Ashley - look at you go girl!  I have to admit that the Sea Mist is the bauty for me, although they are all fantastic!  Grand Openings are so exciting and I am beyond thrilled for you!

Congrats on all your hard work to get here lady!


----------



## heartsong (Jun 28, 2009)

*x*

good luck with your new endeavor!

your soaps are lovely-i don't know which ones i like most, but the sea mist, lovespell and cool waters are knock-outs!

i especially like the thicker, more substantial heft of the bars.  they should last thru numerous showers!

good for you!


----------



## kittywings (Jun 29, 2009)

I love them!  They look so PURRRDY!  I gravitate towards the "plainer" bars, thus I love the Rosemary & Mint, Tea Tree & Clay, Oatmeal and shoot, I can't remember... but you get my point.  

Congrats!


----------



## honor435 (Jun 29, 2009)

Are you selling just on line? If in stores, how do you wrap those bigs bars!
The look SO nice, love em.


----------



## AshleyR (Jun 29, 2009)

honor435 said:
			
		

> Are you selling just on line? If in stores, how do you wrap those bigs bars!
> The look SO nice, love em.


Thank you!

Nope, stores too!  I hope anyway. I'm packaging them in clear cello bags that have been hole punched so the air can flow through. They'll have clear glossy labels on them and tied with a black ribbon (the lids on all my B&B stuff are black too).

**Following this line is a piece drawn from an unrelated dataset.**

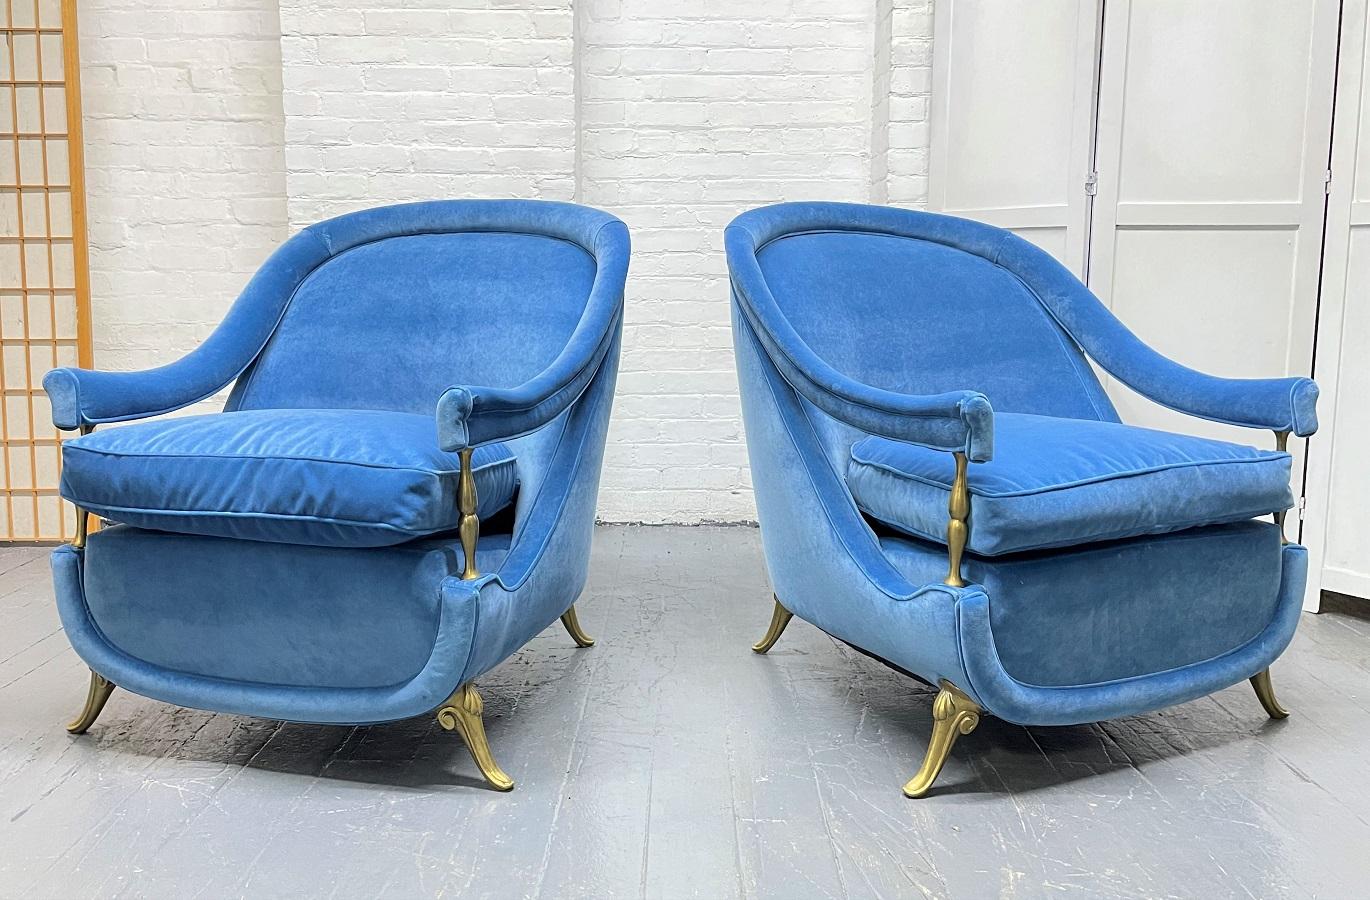 Pair of French 1950s brass and velvet lounge chairs. The chairs have blue velvet upholstery, arched backs, sloping arms, loose cushioned seats with brass feet.
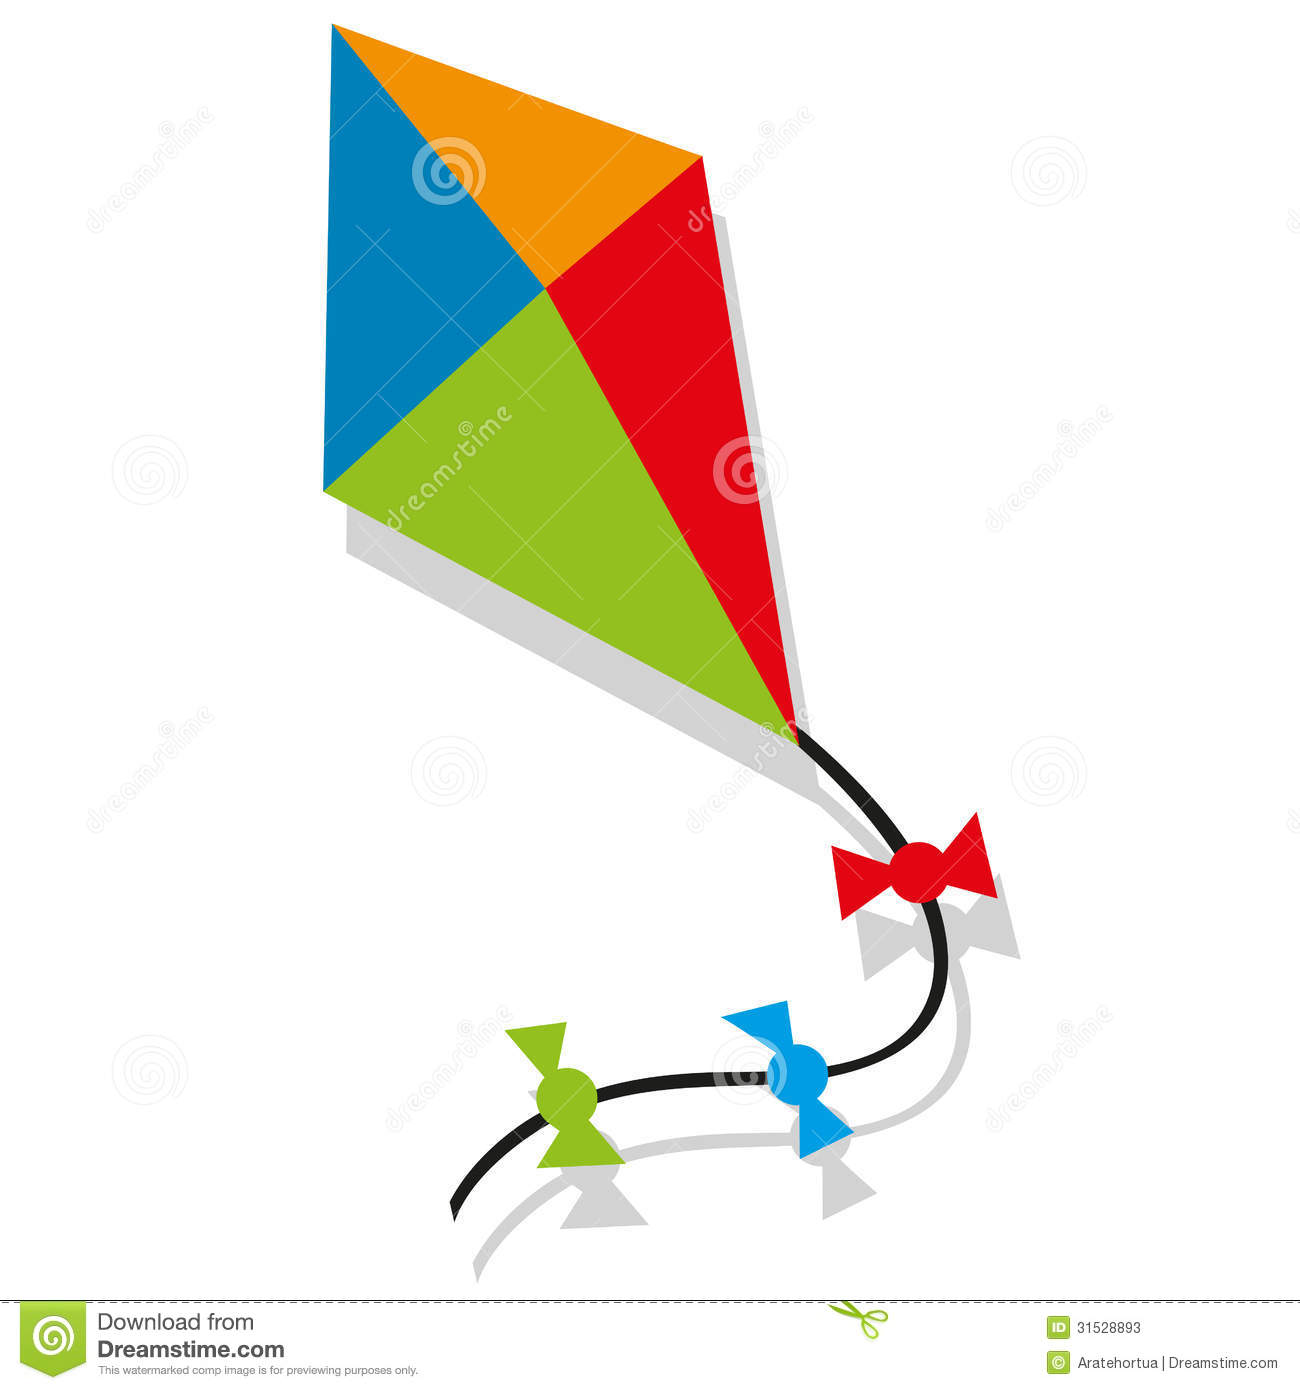 Colorfull Cartoon Vector Kite Blue Orange Green And Red

I'll post a picture once I get a bunch packaged in the next few days!  Thanks again for your compliment on them!


----------



## topcat (Jun 29, 2009)

Oh _yes_!  Pics of packaged stuff!!!  I am sitting here waiting Ashley.....are they ready yet? :wink: 

Tanya


----------



## AshleyR (Jun 29, 2009)

topcat said:
			
		

> Oh _yes_!  Pics of packaged stuff!!!  I am sitting here waiting Ashley.....are they ready yet? :wink:
> 
> Tanya



I will have pictures Tuesday evening! I officially have my first order so I will be sure to take pics of it before it goes out the door! (And maybe even one with me and my first customer! LOL)


----------



## Guest (Jun 30, 2009)

Cool Ashley , can't wait to see the pictures . 2 more sleeps  until the big day .. How excited you must be 

Kitn


----------



## ikindred (Jun 30, 2009)

Beautiful soaps!  I absolutely love the scents and colors.  I am new to the soaping thing and I am trying to start my own business creating soaps, bath washes, and bubble baths, any suggestions on Website design and expectations?


----------